In recent years, an increase in consumer demand has been observed for gluten-free products (Christoph et al., 2018, Missbach et al., 2015, Molina-Rosell, 2013). Research on gluten-free products has focused on strategies dealing with the negative impact a lack of gluten has on the quality properties of these products. Manufacturing gluten-free cereal products is a challenging task for the food industry (Capriles et al., 2016, Houben et al., 2012). Besides, according to Naqash, Gani, Gani, and Masoodi (2017), most approaches include the addition of functional ingredients to the formulation (gluten-free flours, starches, hydrocolloids, proteins, fats, and fibres) or the adoption of alternative processing methods (high pressure, extrusion, and sourdough fermentation) to produce gluten-free products with good sensory quality, especially a texture comparable to those containing gluten (Marston et al., 2016, Matos and Rosell, 2012, O’Shea et al., 2013, Penjumras et al., 2019).
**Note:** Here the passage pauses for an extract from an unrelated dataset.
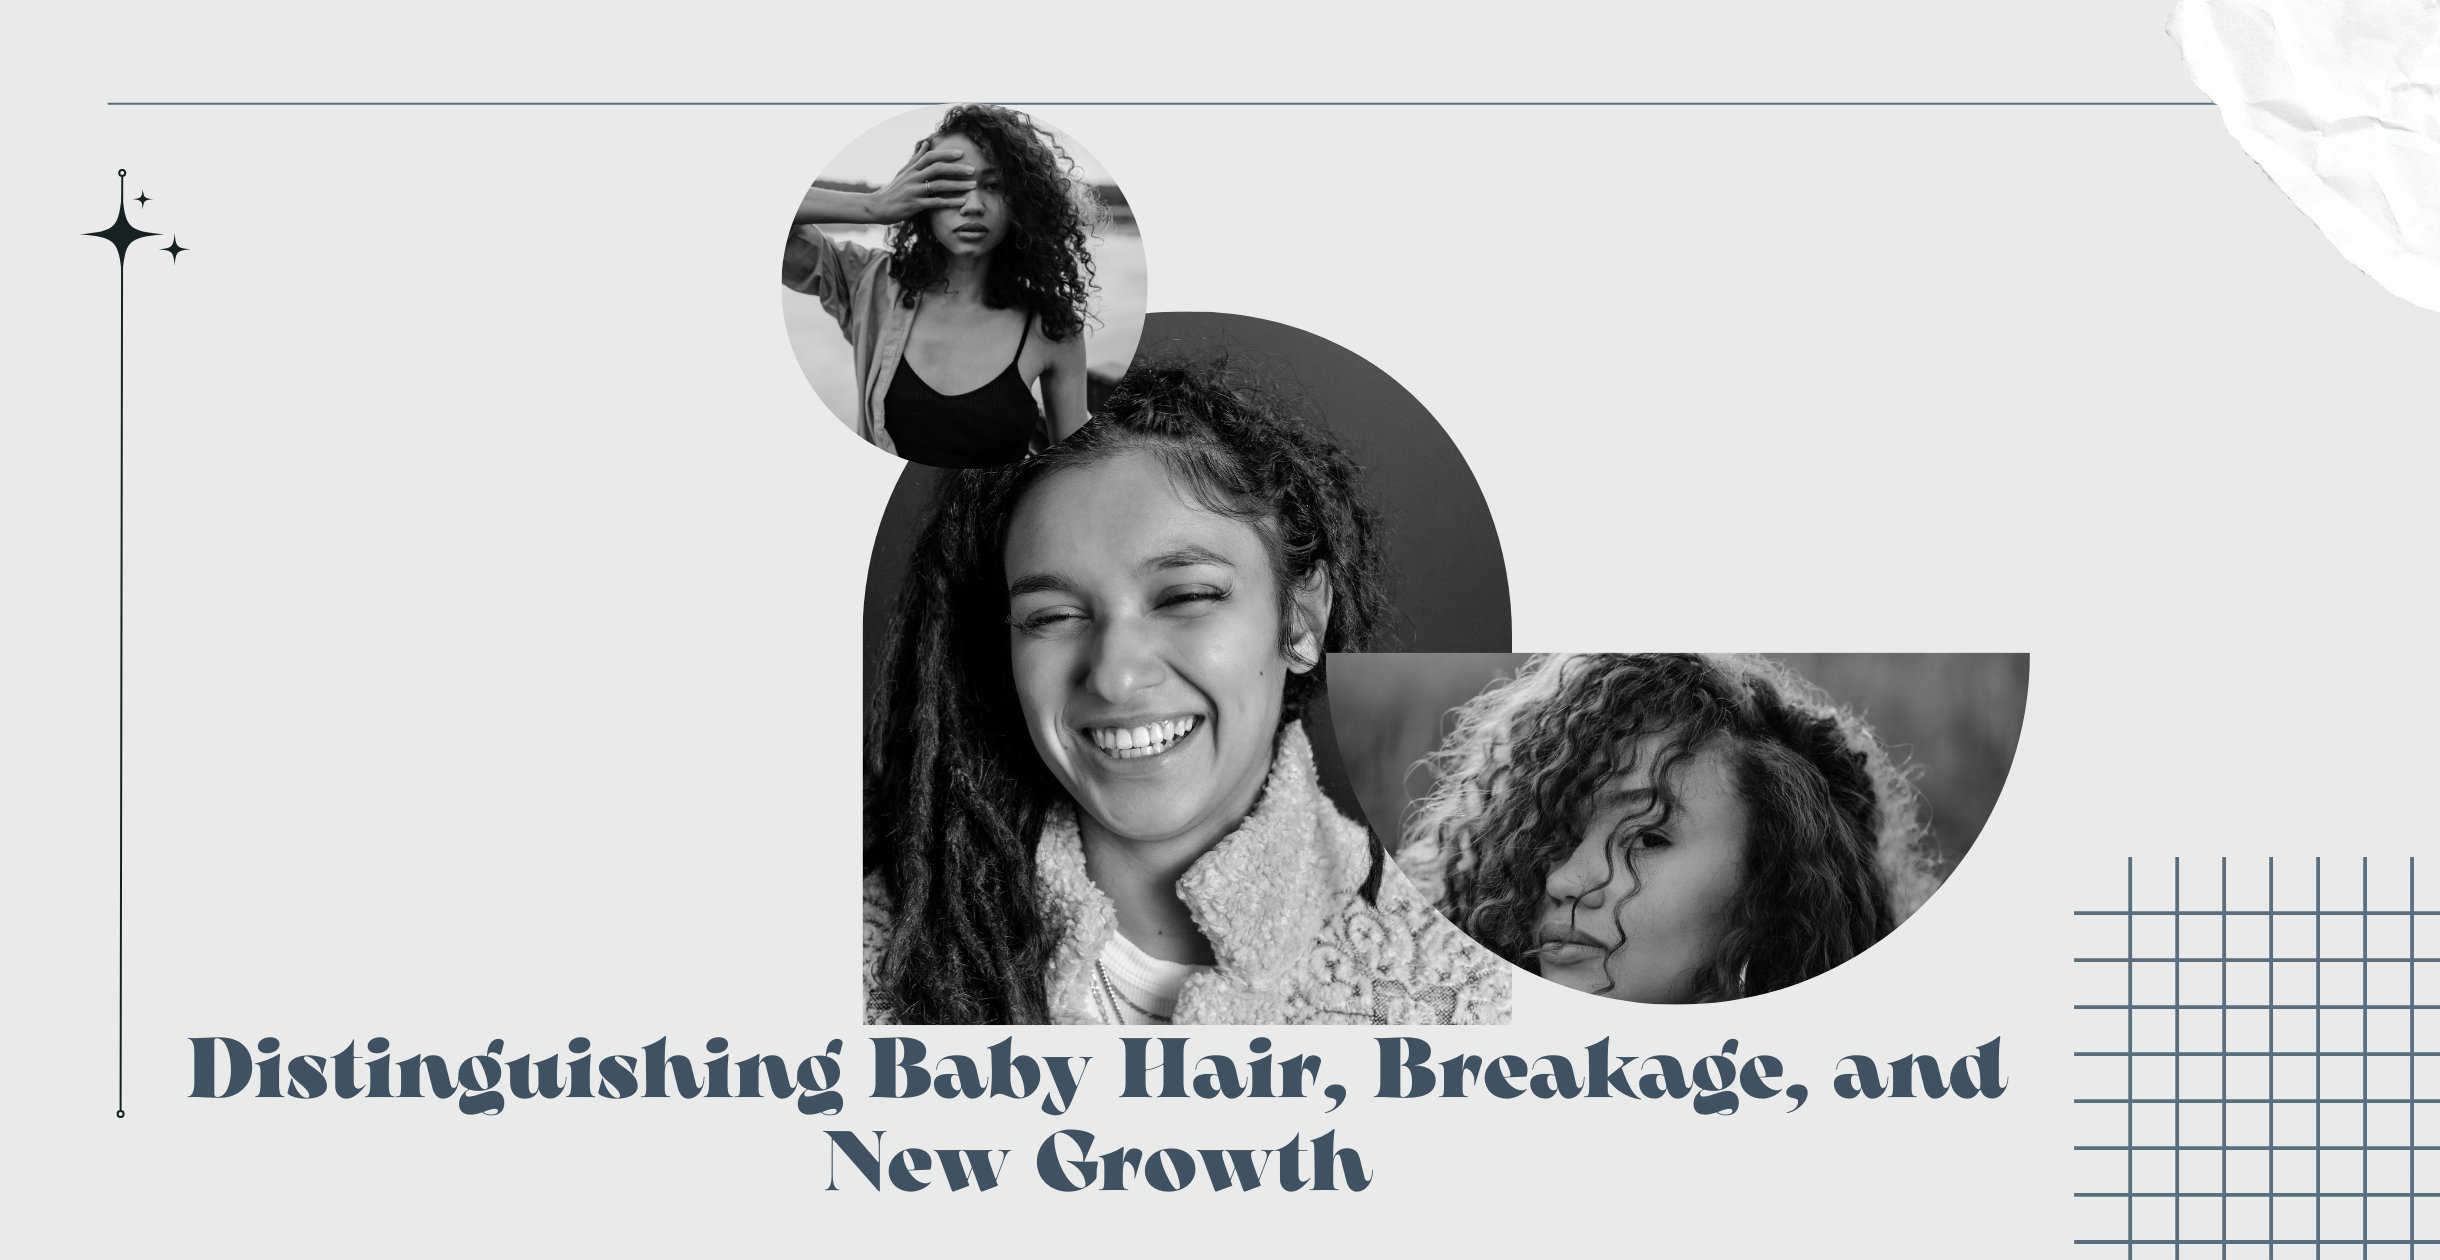 Understanding Your Hair: Distinguishing Baby Hair, Breakage, and New Growth

However, according to do Nascimento, Fiates, and Teixeira (2017), consumers concerns for gluten-free products include sensory quality of products and the issues they experience trying to have a “normal life”, especially in a social context. Still, information on the relevance of extrinsic properties of products, context aspects, and individual attitudes and opinions of gluten-free consumers is scarce. This is for the difficulty in finding coeliac participants for consumer studies, accounting for an estimated 1–2% of population (Sapone et al., 2012). Therefore, we believe what is said on social media networks may be a way to obtain opinions of this target group of consumers, allowing us to understand their motivations and interests when consuming gluten-free products.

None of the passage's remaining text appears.